Your instructions – Each line in the data must be reproduced as written, except for any picture.

Dataset extract –

[Start of section]

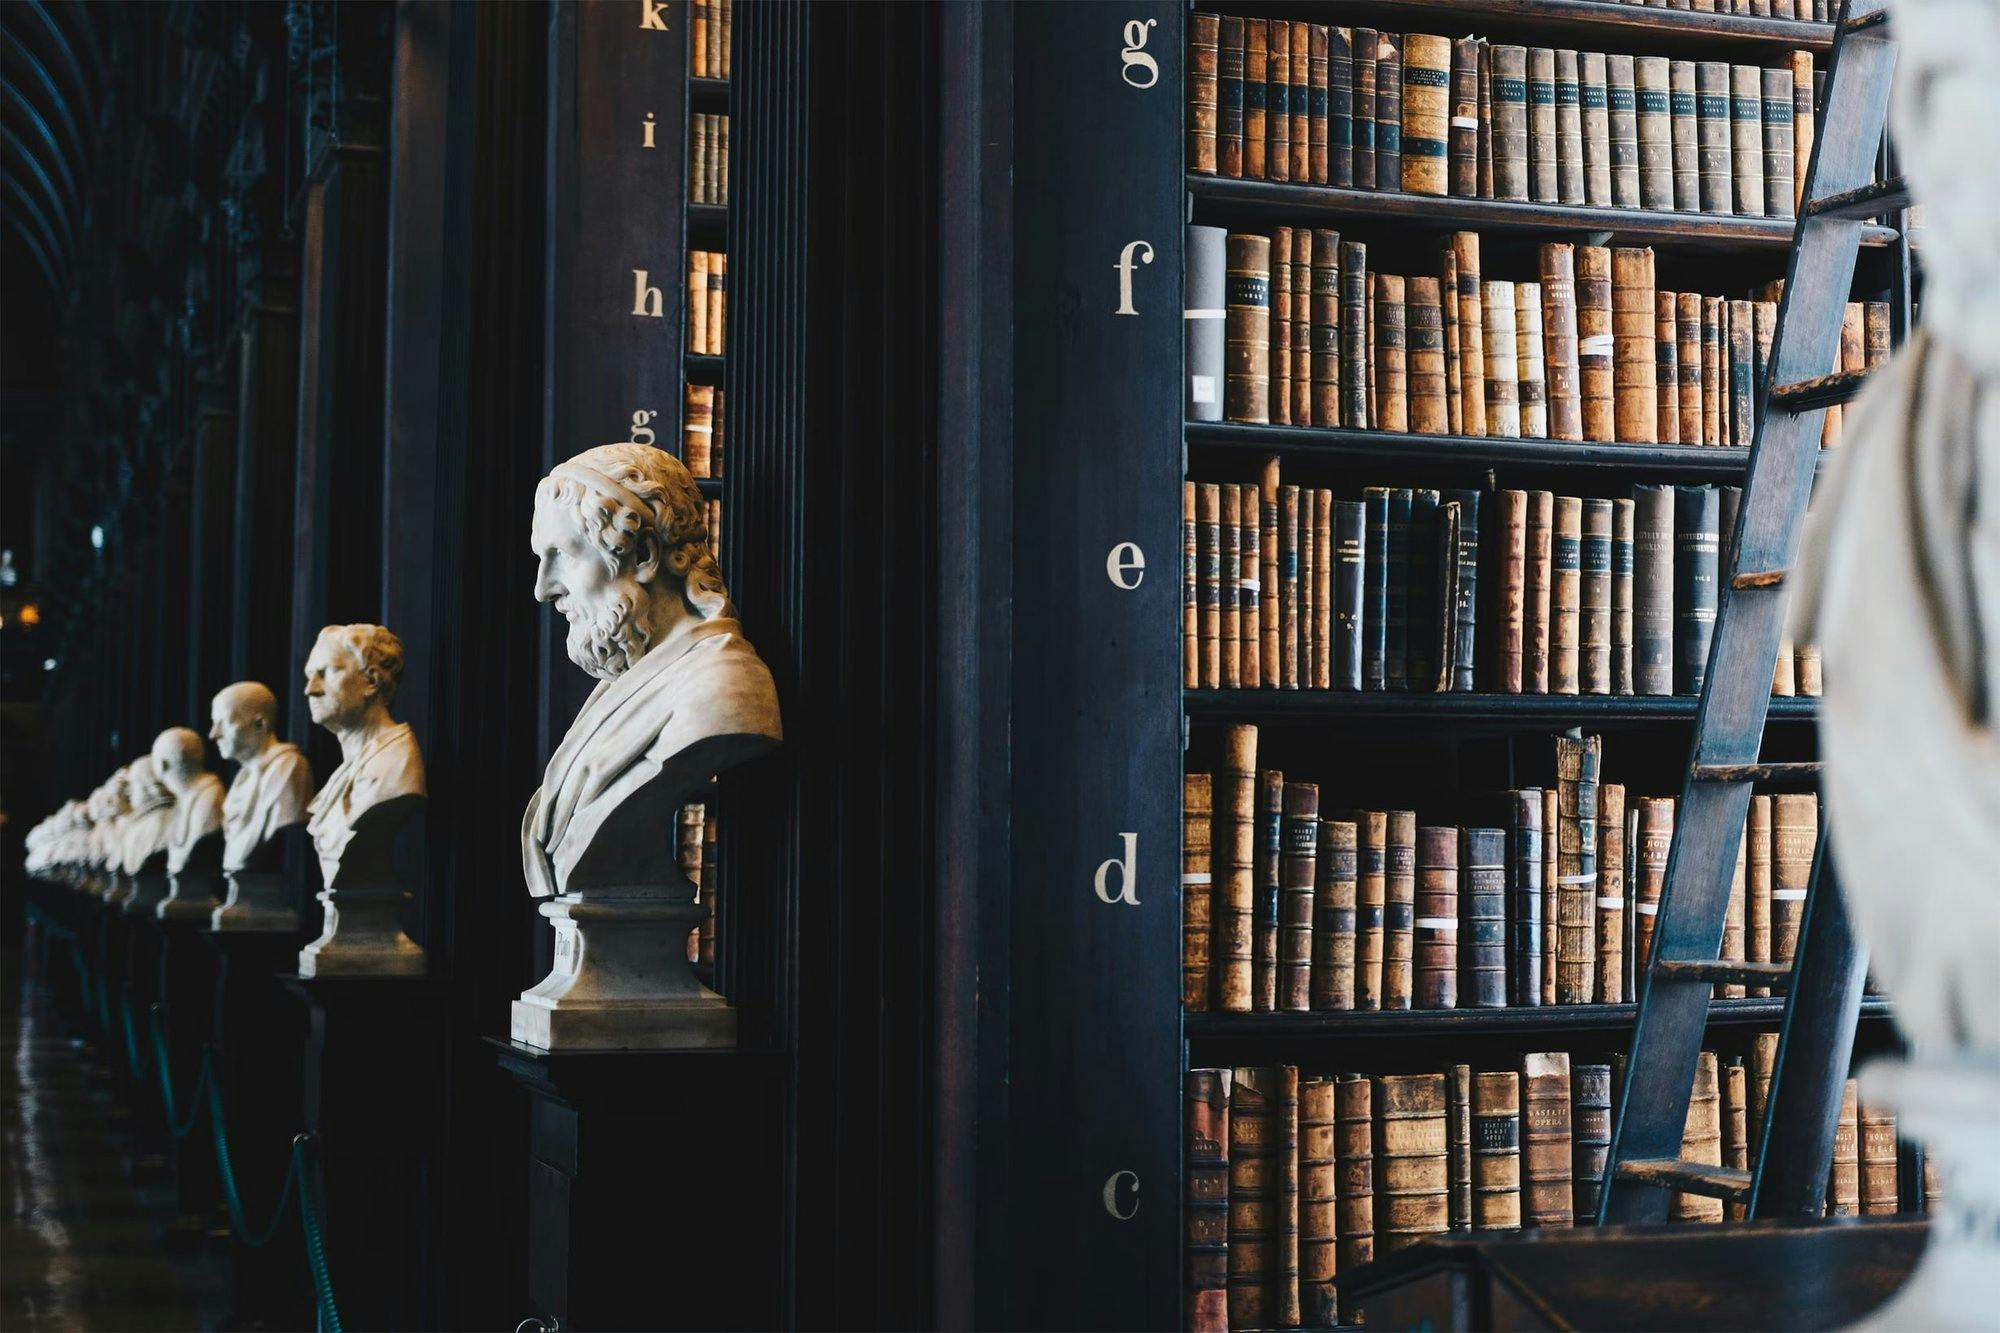 Büherregale und weiße Büsten in einer alten Bibliothek
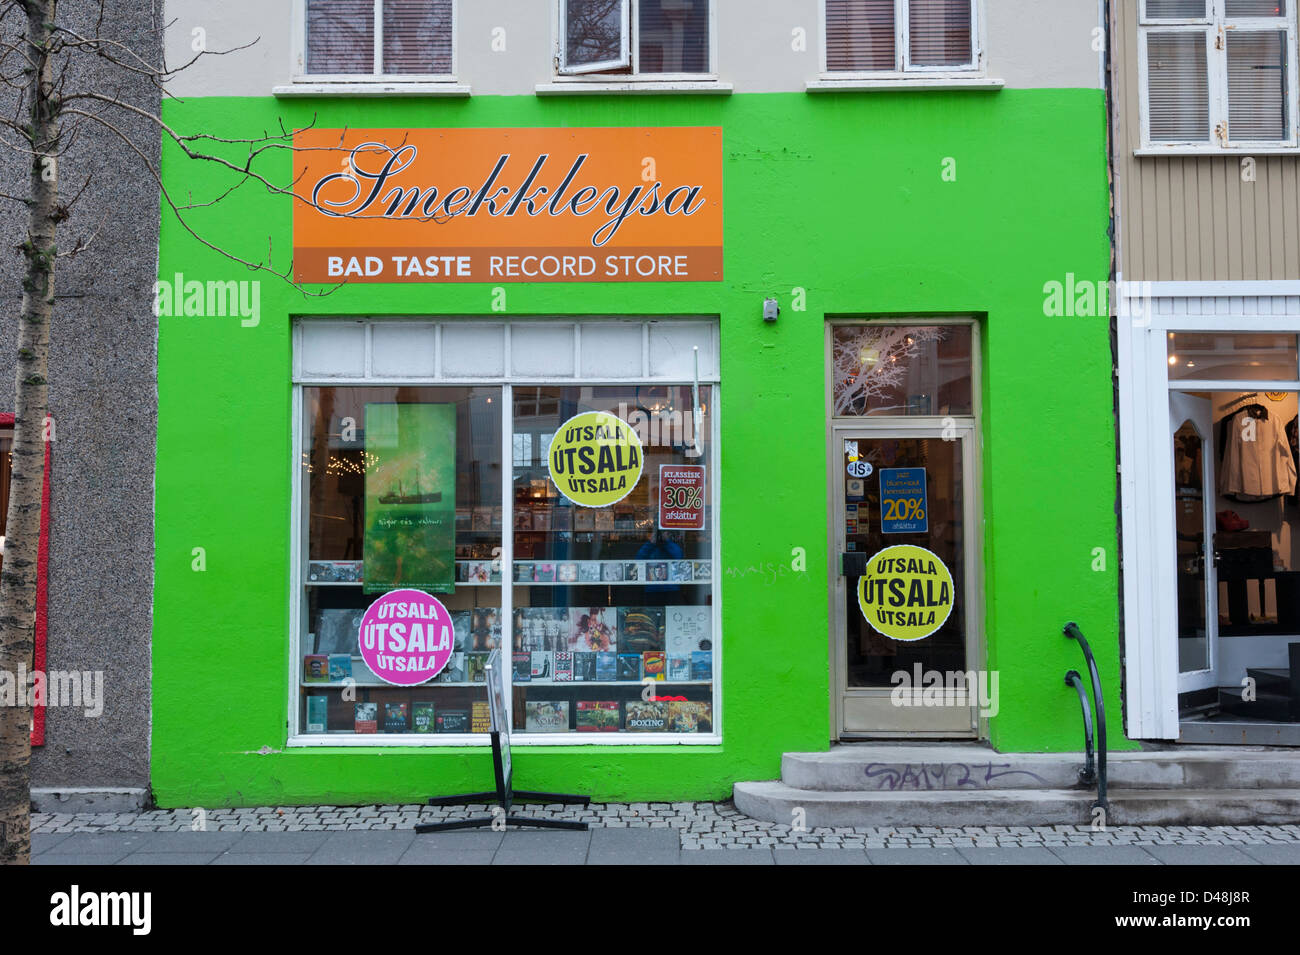 Smekkleysa cattivo gusto record store Reykjavik Islanda Foto Stock
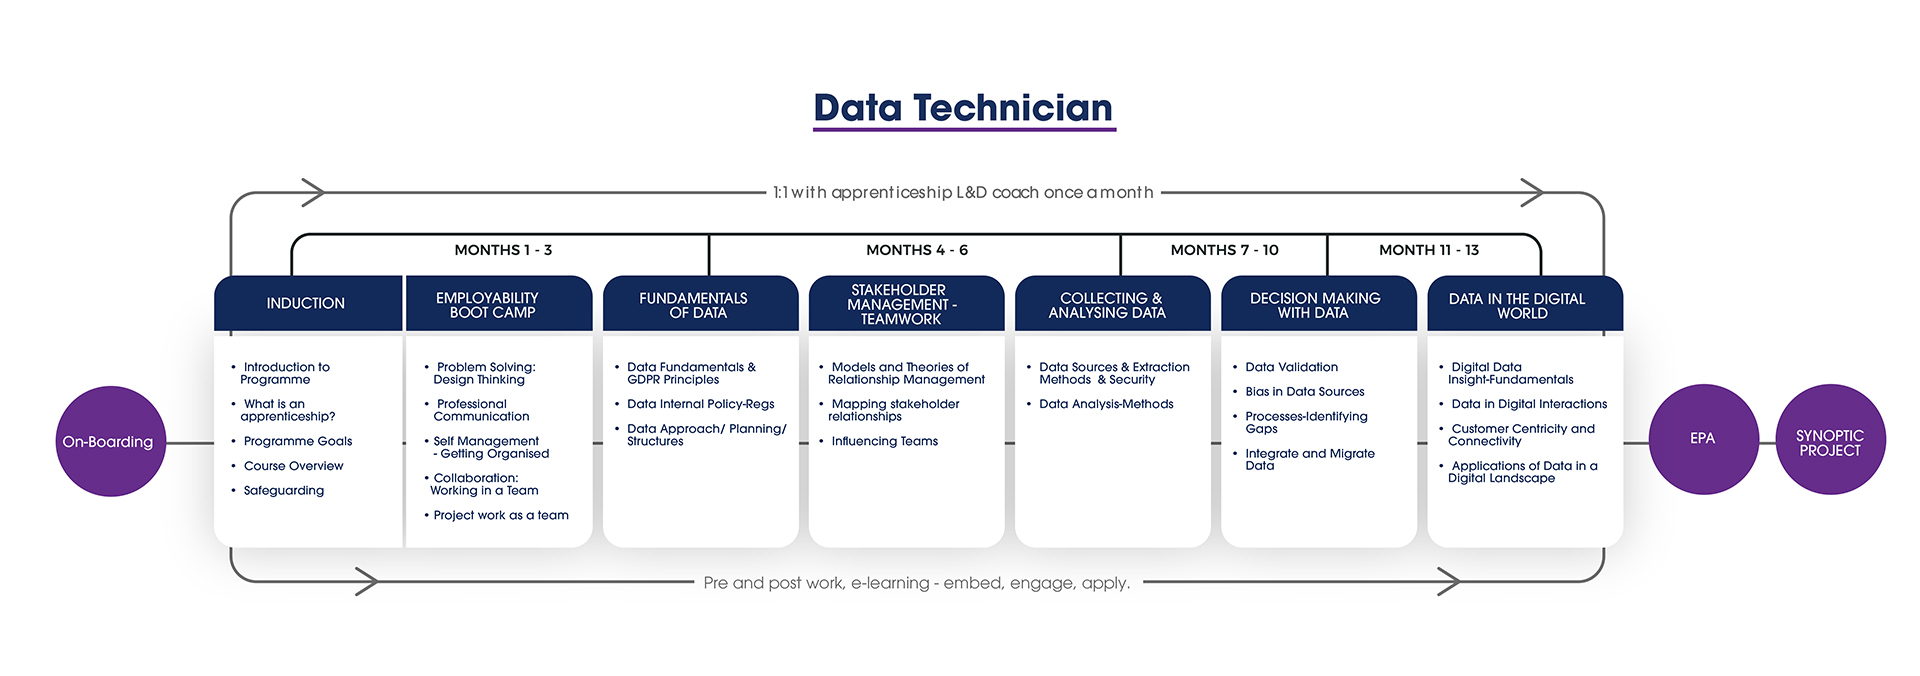 Data Technician Programme Roadmap
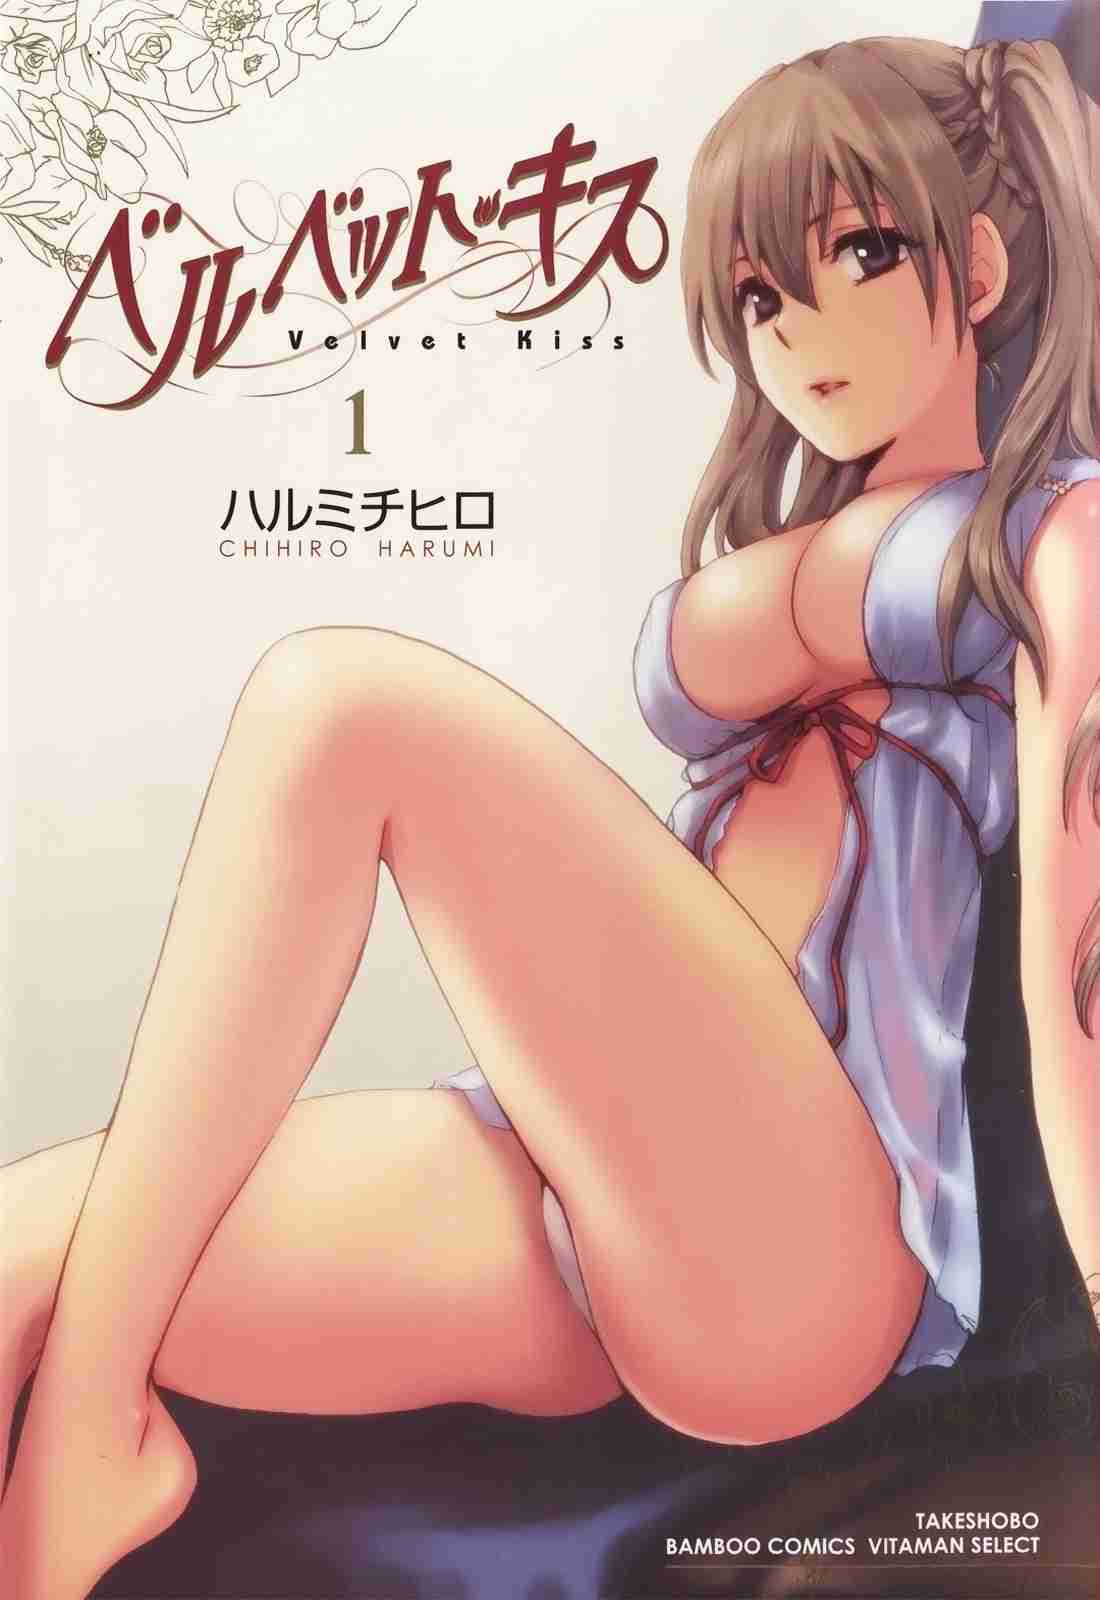 Reading Velvet Kiss Original Hentai By Harumi Chihiro 1 Velvet Kiss Page 1 Hentai Manga 7961

[End of section]

Response to the exercise –
 Büherregale und weiße Büsten in einer alten Bibliothek
 Smekkleysa cattivo gusto record store Reykjavik Islanda Foto Stock
 Data Technician Programme Roadmap
 Reading Velvet Kiss Original Hentai By Harumi Chihiro 1 Velvet Kiss Page 1 Hentai Manga 7961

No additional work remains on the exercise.